Ao tomar nova posição essencial no controle dos atos normativos dos demais
poderes, especialmente do poder legislativo, e além disso passar a ocupar cada vez mais
a função de instituição central ao influenciar o processo político, há o surgimento do
fenômeno chamado de judicialização da política, entendida como uma forma de atuação
jurídica que transforma a função dos magistrados mais do que meros intérpretes, mas
também como agentes cada vez mais responsáveis pela efetivação do texto constitucional,
na medida em que interferem em decisões que, em tese, deveriam ser tomadas pelos
poderes majoritários.
Diante de tal cenário, diversos autores consideram que o crescimento da função
política do judiciário pode ser compreendido como um fato inerente da própria natureza
do Estado de Direito, tendo em vista que a Carta Magna estabelece o controle de
constitucionalidade como competência do tribunal constitucional. Pesquisadores e
analistas políticos passaram a notar o surgimento de uma atuação cada vez mais proativa
dos juízes ao analisar a constitucionalidade das leis, levantando questionamentos de até
que ponto seria legítimo e saudável para o regime democrático o papel exercido por juízes
de ter a última palavra na interpretação da lei e, portanto, o judiciário ser considerado
como o guardião da Constituição. Contudo, destaca-se que apesar de o controle de
constitucionalidade ser uma das principais causas para o aumento do protagonismo
judicial, diversos outros fatores ainda operam para incentivar o desenvolvimento desse
fenômeno complexo. ―O limite entre o político e o judicial não pode ser definido
formalmente no Estado moderno. A justiça moderna não pode ser ‗apolítica‘ nesse
sentido, e hoje mais do que nunca deve-se reconhecer que o poder judiciário é governo.
(ZAFFARONI, 1995, p. 24).
A judicialização de política é um fenômeno complexo, que pode ser desenvolvido
de diferentes formas a depender do contexto institucional e das influências
comportamentais dos juízes em determinado período. Barroso (2009, p. 3) afirma que
Judicialização significa que algumas questões de larga repercussão política ou
social estão sendo decididas por órgãos do Poder Judiciário, e não pelas
instâncias políticas tradicionais: o Congresso Nacional e o Poder Executivo –
em cujo âmbito se encontram o Presidente da República, seus ministérios e a
administração pública em geral. Como intuitivo, a judicialização envolve uma
transferência de poder para juízes e tribunais, com alterações significativas na
linguagem, na argumentação e no modo de participação da sociedade.
39

Em seu artigo, o ministro do Supremo Tribunal Federal apresenta três grandes causas
que impulsionaram a judicialização da política nas democracias contemporâneas,
destacando sobretudo no caso brasileiro: a redemocratização em 1988, a ampla abrangência
de direitos constitucionalizados e o sistema de controle de constitucionalidade (BARROSO,
op. cit., p. 3-4). A conjugação dessas três condições possibilitou o crescimento da
importância do poder judicial nas decisões políticas.

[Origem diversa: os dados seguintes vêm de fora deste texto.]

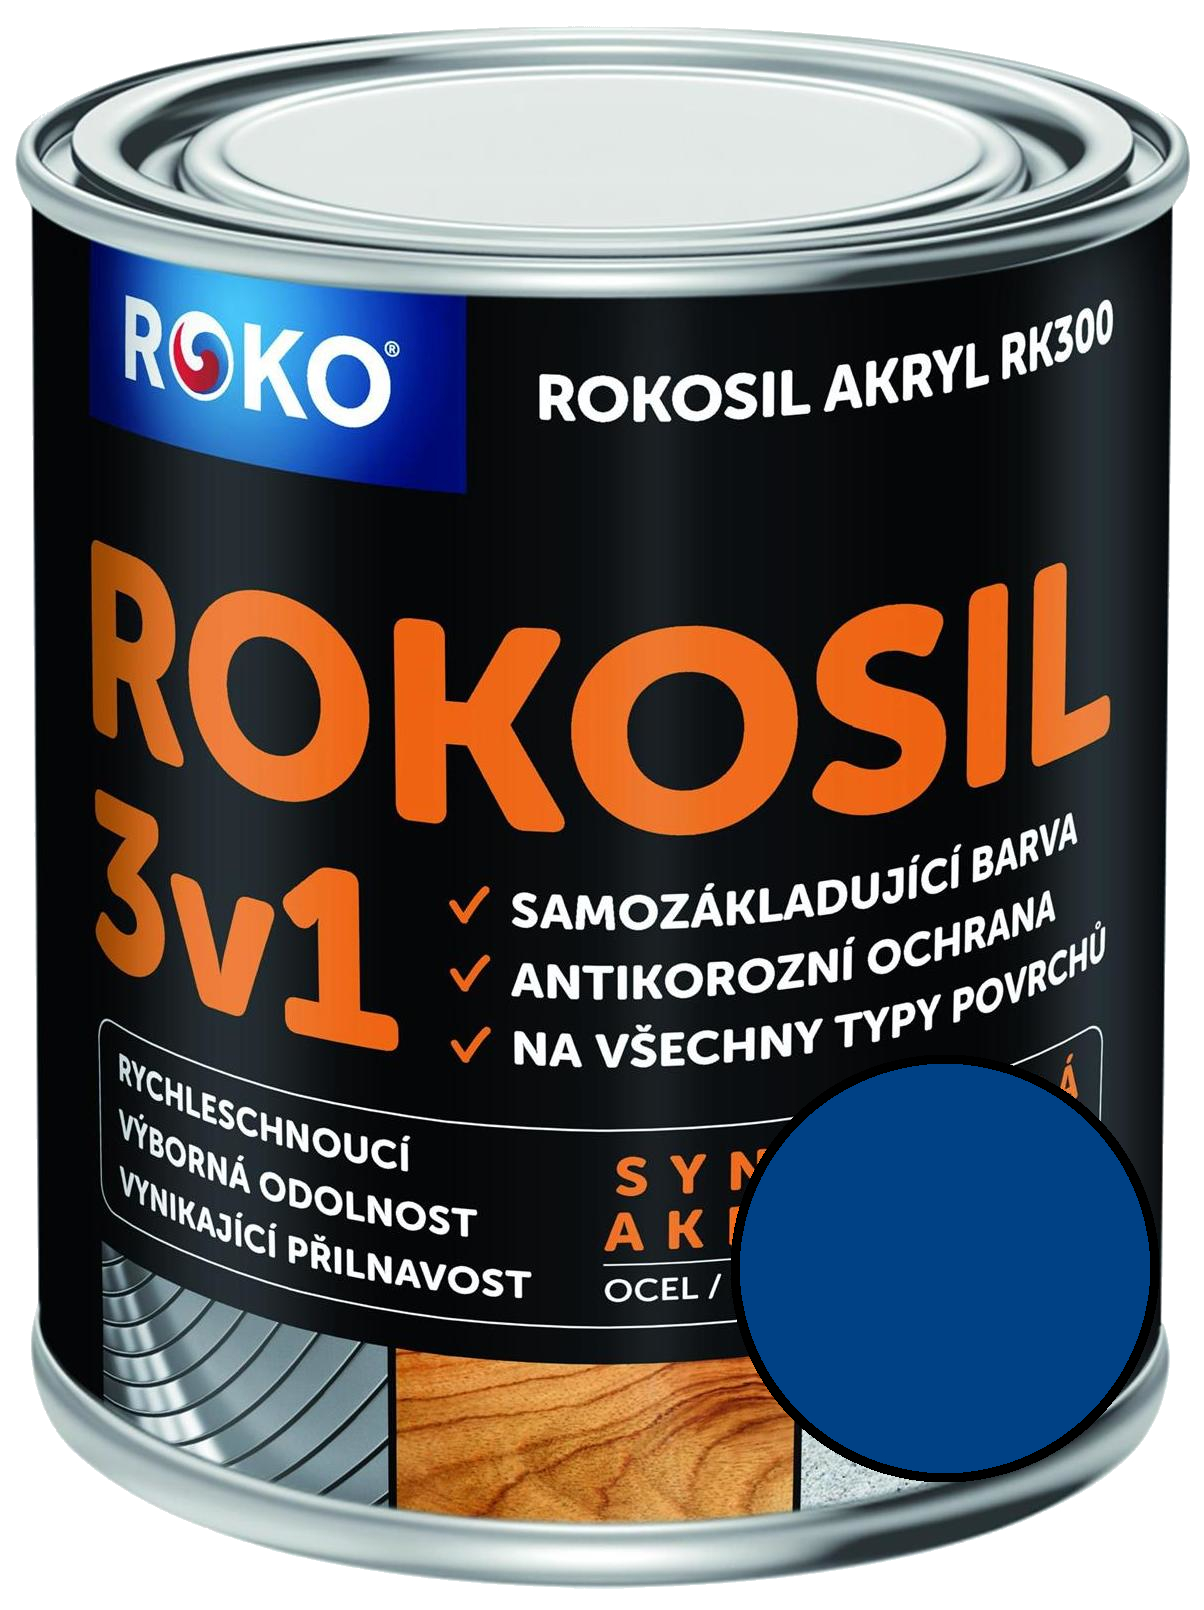 Barva samozákladující Rokosil akryl 3v1 RK 300 4550 modrá střední

Tate e Vallinder (1995, p.13), no pioneiro trabalho The global expansion of judicial
power, refere-se ao fenônemo da judicialização como um tipo de ―infusão‖ do poder
judiciario no processo de decisão, atingindo a esfera política que não seria o campo de
atuação do judiciário. Segundo Vallinder, as causas precisas que influenciaram o
desenvolvimento da judicialização da política variam de acordo com cada país, mas que
certos fenômenos, como a derrocada de regimes totalitários ao final da Segunda Guerra
Mundial e a subsequente necessidade de prevenção aos horrores causados pela
inobservância aos direitos humanos nos regimes fascista e nazista, seria um fator
determinante na influência à expansão da atuação do poder Judiciário, na medida em que
este agiria como um poder contramajoritário ao movimentos de massas.

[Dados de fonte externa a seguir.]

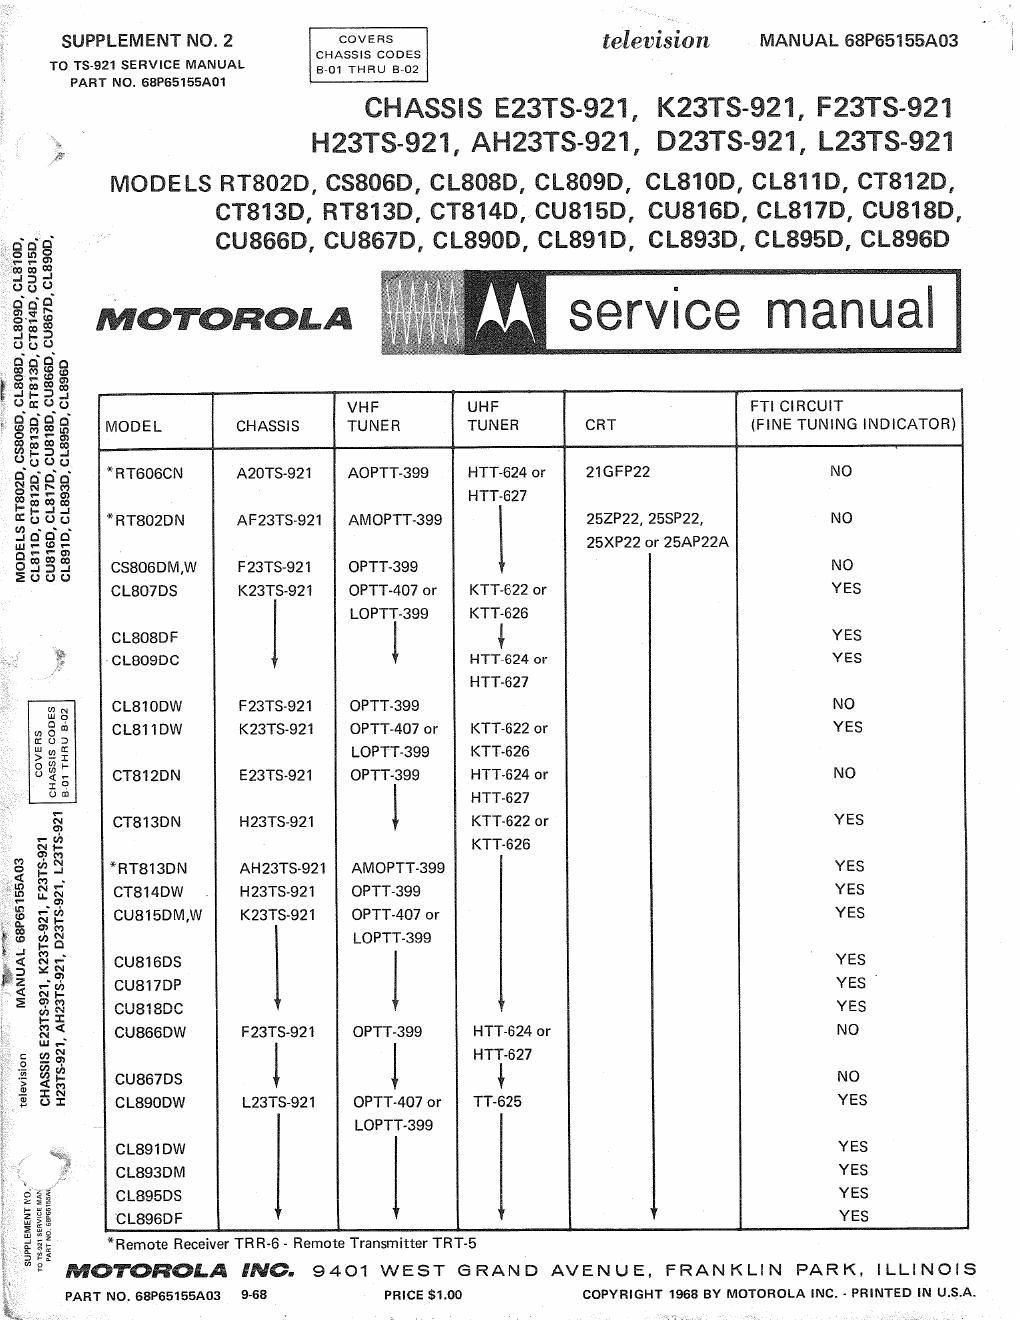 motorola cu 867 d service manual

De acordo com o estudo, é admitido que o sistema democrático contemporâneo
fornece condições institucionais para a expansão da judicialização. Neste sentido, os autores
afirmam que a judicialização é comum em diversos países e também é resultado de múltiplas
e interativas causas. A primeira delas é o desenvolvimento da própria democracia, regime
baseado na regra da maioria e da responsabilidade popular. A democracia não
necessariamente causa o desenvolvimento da judicialização, mas, certamente, constitui uma
condição essencial para o seu desenvolvimento. Não é possível considerar a existência de
juízes controlando atos do governo em um regime autoritário, onde o soberano não se
submete a um controle nem do povo e nem das instituições, atuando unicamente com base
em sua vontade. Outros fatores que o autor identifica como relacionado ao surgimento da
judicialização são: (II) valorização e a positivação das Declarações de direitos, que surgiram
para a proteção formal do direito das minorias e outros grupos de interesse; (III) uso do
tribunal por grupos de interesse, levando em consideração o fato de que a judicialização não
se desenvolve deslocada das questões sociais e econômicas relevantes, além do fato de que
minorias e a oposição podem recorrer ao tribunal constitucional, caso estes considerem que
estão sendo prejudicados no processo majoritário do parlamento ; (IV) instituições
representativas inefetivas, onde geralmente tornam-se incapaz de oferecer respostas
adequadas às demandas da sociedade, considerando ainda o fato de que os partidos e os
governos de coalizão estão cada vez mais fracos e encontram dificuldades de construírem
uma base social e política sólida capaz de construir projetos e efetivarem políticas públicas;
40

(V) a divisão dos poderes, sendo uma condição necessária, porém não suficiente.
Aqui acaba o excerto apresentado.